TASK INSTRUCTIONS.
Each line below from the line with "One Piece CG" to the line with "Pensionnés de lutte" must be copied exactly, including those two, and no picture may appear in the copy.

AVAILABLE DATA.
• • •
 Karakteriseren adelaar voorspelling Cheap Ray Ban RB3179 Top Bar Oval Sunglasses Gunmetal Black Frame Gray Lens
• • •
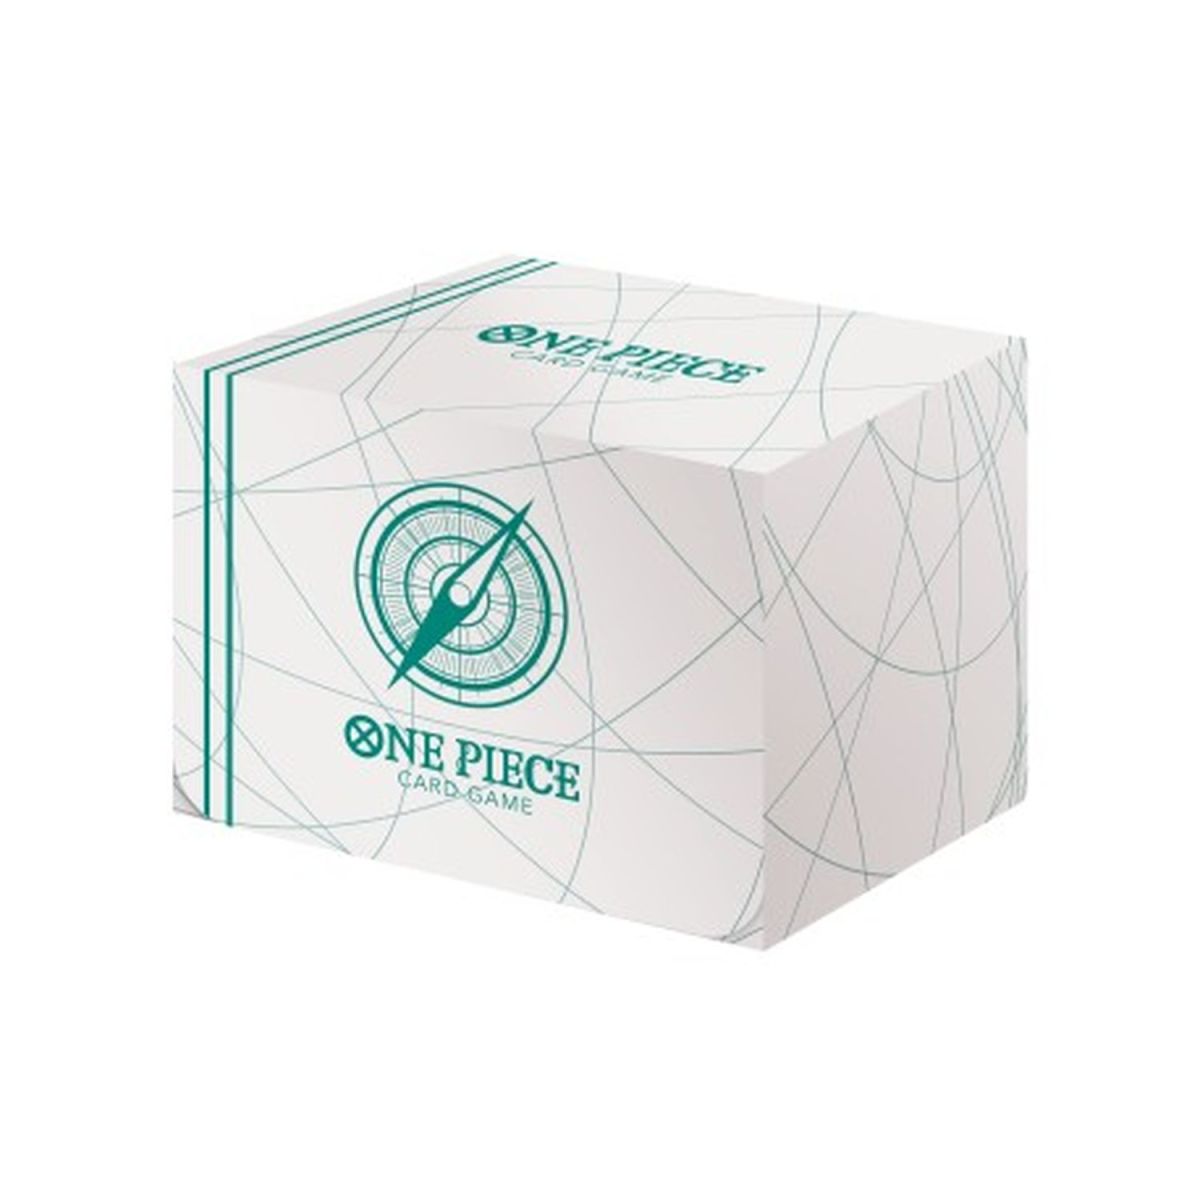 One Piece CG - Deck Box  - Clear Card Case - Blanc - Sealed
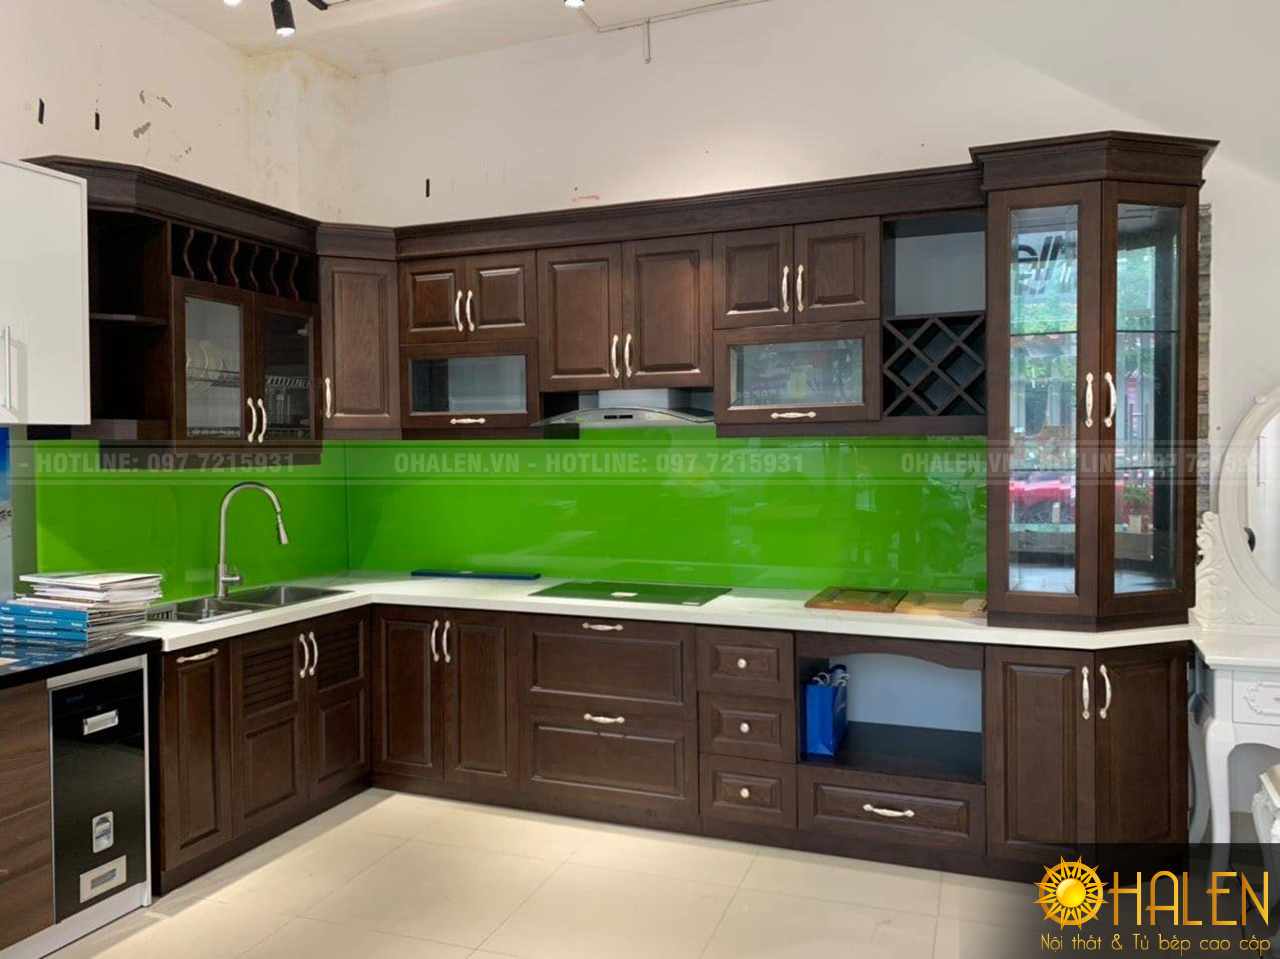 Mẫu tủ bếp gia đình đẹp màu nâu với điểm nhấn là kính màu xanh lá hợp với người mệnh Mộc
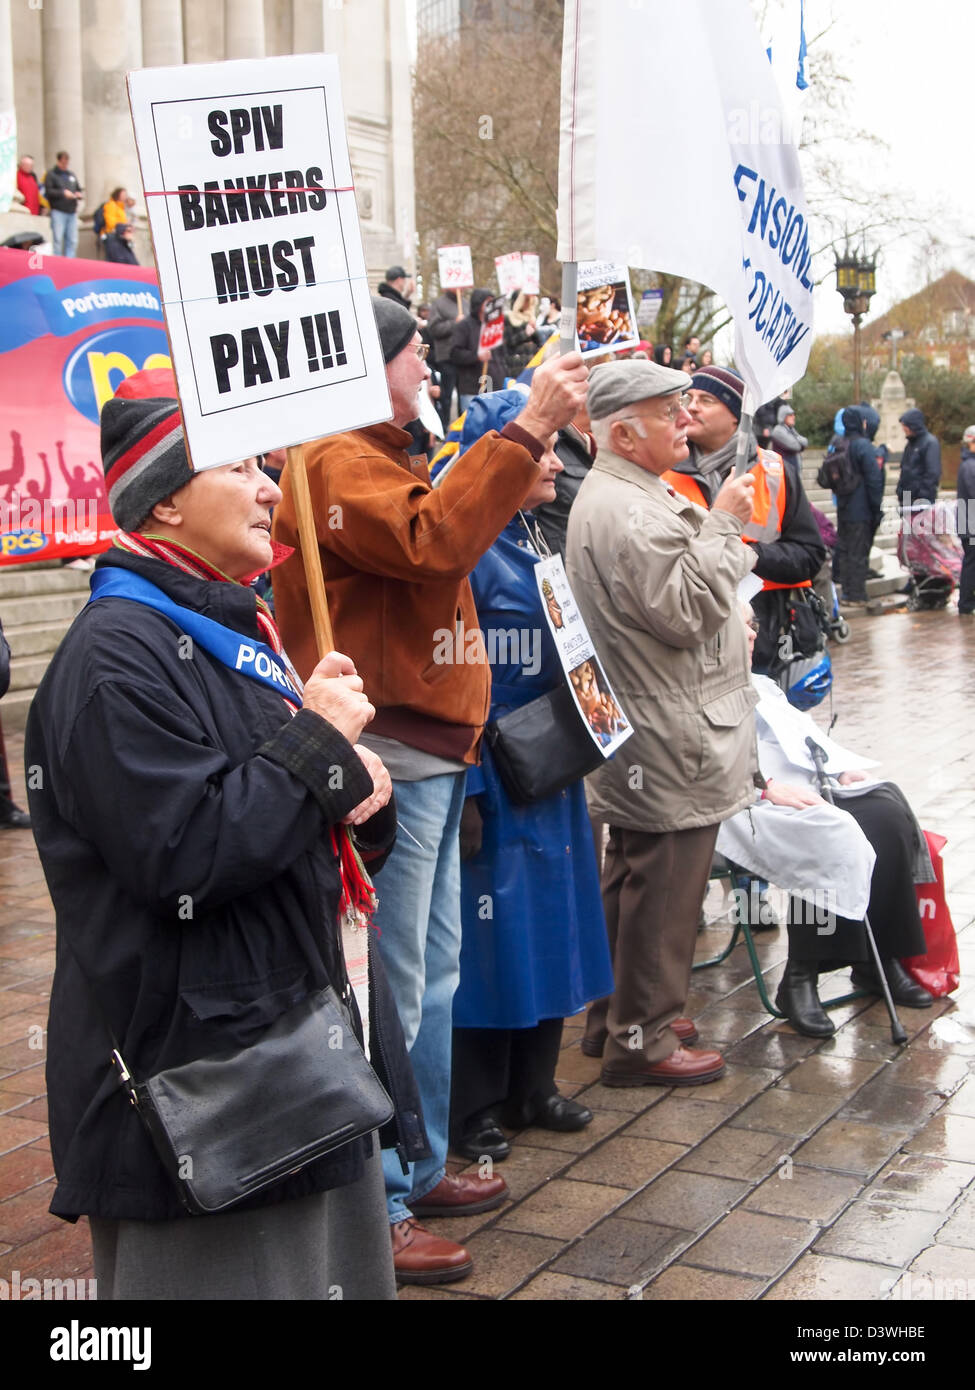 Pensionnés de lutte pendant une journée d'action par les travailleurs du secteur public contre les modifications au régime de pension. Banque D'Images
• • •
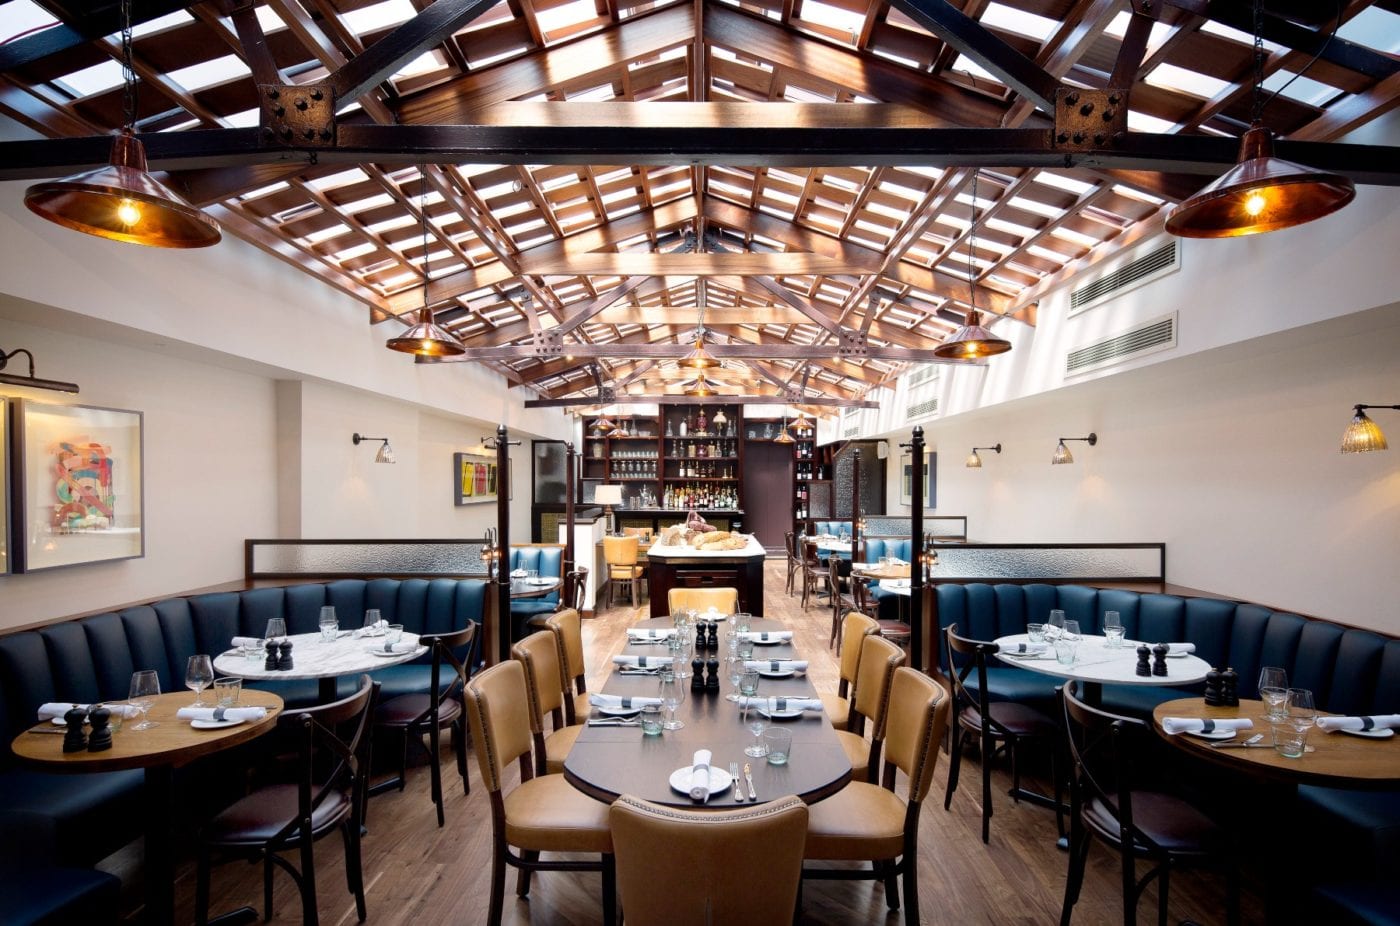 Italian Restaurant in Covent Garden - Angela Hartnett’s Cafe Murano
• • •
OUTPUT OF THE EXERCISE.
 One Piece CG - Deck Box  - Clear Card Case - Blanc - Sealed
 Mẫu tủ bếp gia đình đẹp màu nâu với điểm nhấn là kính màu xanh lá hợp với người mệnh Mộc
 Pensionnés de lutte pendant une journée d'action par les travailleurs du secteur public contre les modifications au régime de pension. Banque D'Images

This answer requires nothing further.